After the club, we wandered around a 24 hr super market just along from Lud’s place which was a treat of western delights! You have trouble being confronted by good blue cheese for the first time in months, then olives, then French bread, then wine........ you just want to fill a trolley up! (Which of course would mean GREAT expense). So we just went for some olives, crackers and blue cheese. A nice little post club treat!
Bangkok Cycle Tour.........
Another thing that Lud had suggested for us to do was to go on a cycle tour around Bangkok with a Dutch company that operates there. Dipi was pretty keen on this and we arranged the trip for Friday of that week.
We arrived at the cycle place via a taxi at 8.30 or 9.00, got acquainted with our tour guide and headed off.
Dipi and the Guide.

A school we visited.

This shot was taken when we were waiting to get a small boat across the river.

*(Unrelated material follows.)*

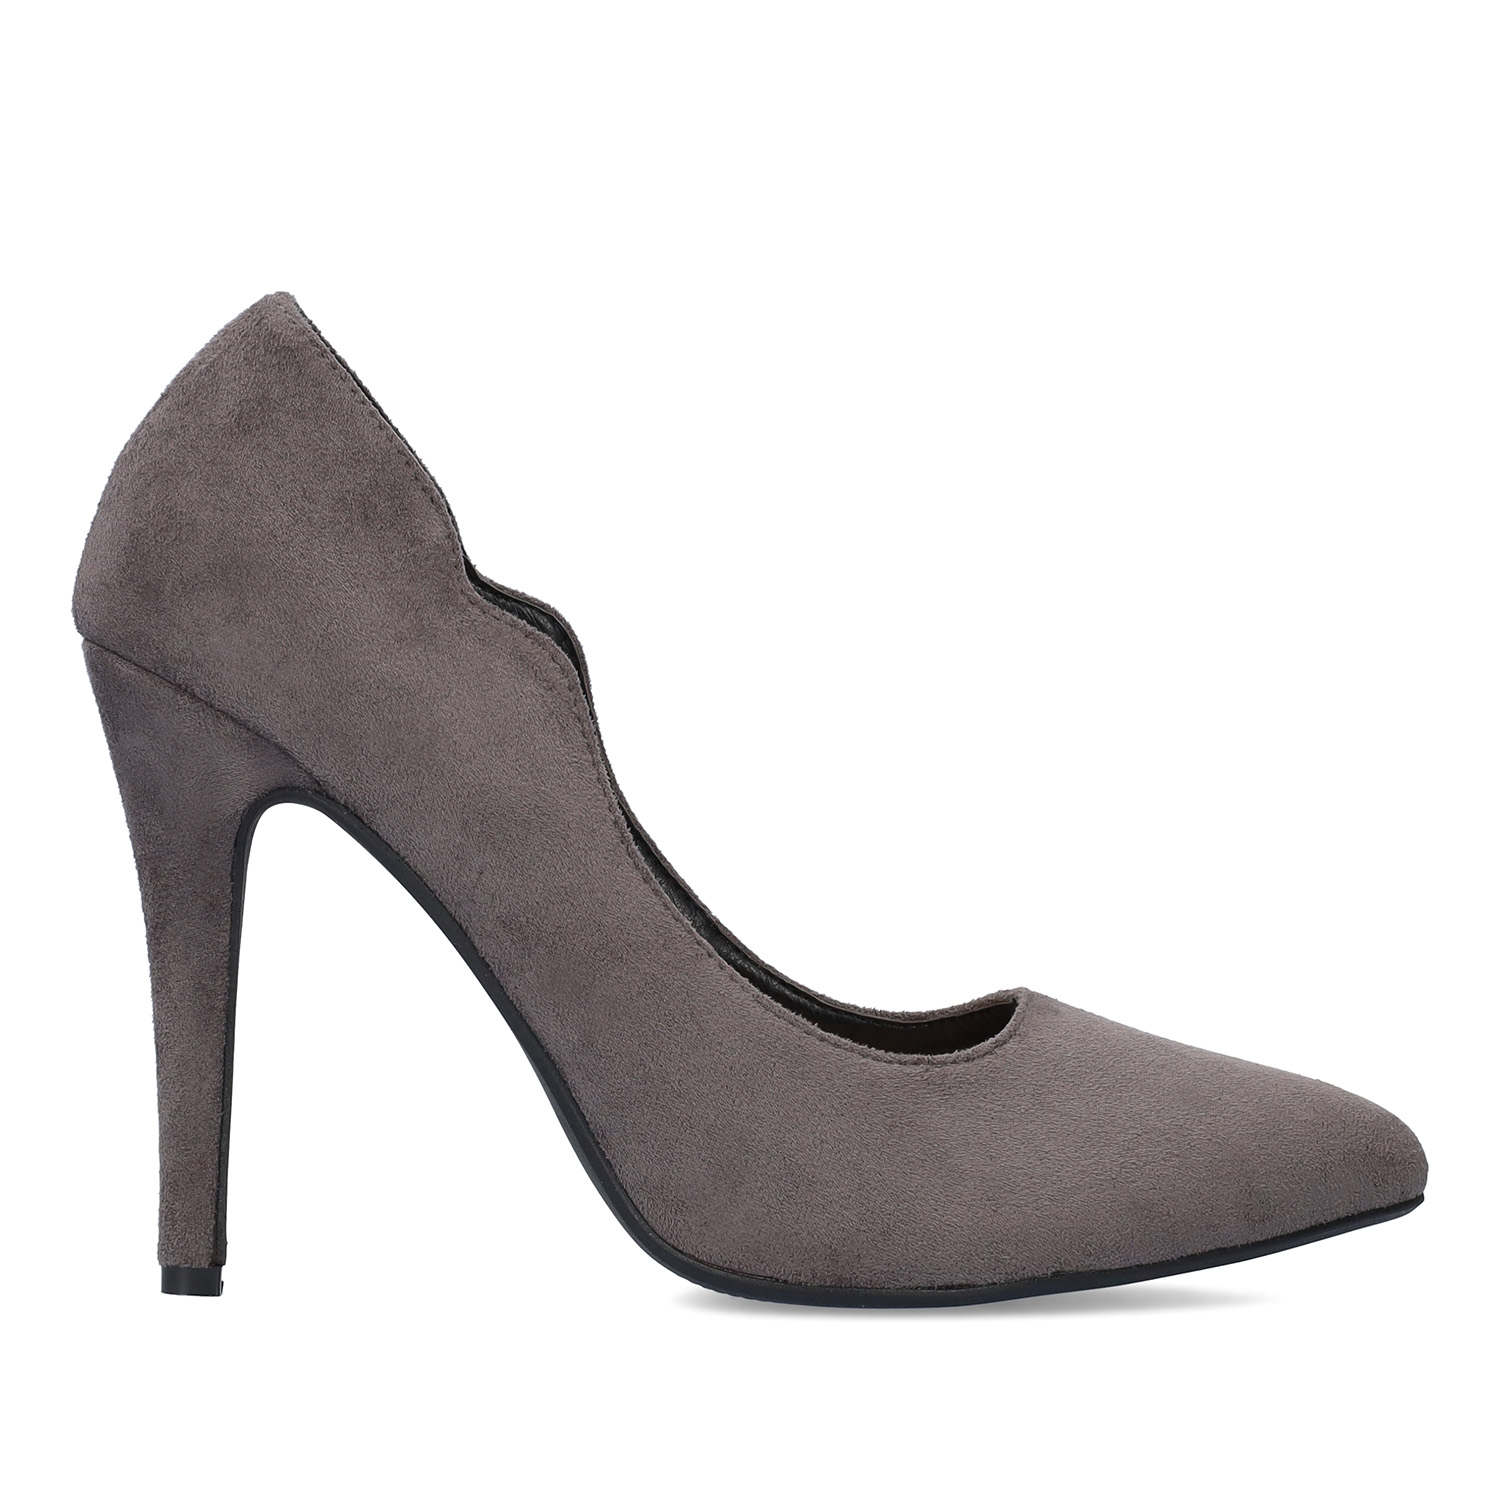 Fine tip stilettos in grey faux suede.

It came to the time to have a little rest and grab some food. We sat down and tucked into some very good local Pad Thai and chatted for a bit. Then all of a sudden the penny dropped and Dipi looked at me in shock. “The visas!” she exclaimed. What with all the fun and frivolities of the week we had managed to book a cycle tour on the same morning that we needed to pick up our Indian Visas! Dumbasses! So after a little bit of panic, we calmed down and tried to remember what times we needed to be at the embassy. We were on the other side of the river on a bloody push bike! So our guide called up someone for the embassy number and we spoke to someone there to find out when we had to be there. The time we needed to be there was one and it was 11ish! We needed to make it back to the river by a certain time in order to get a boat that would give us some chance of getting to the embassy on time! So the cycle thingy was cut short and we made it back to the cycle place with enough time to take some snaps and get on our way to the embassy via a taxi! We made it with half an hour to spare. Again, I will say, dumb assess!

We managed to keep our flight date clear of any other stupid bookings and needless to say got on our flight to India without a hitch.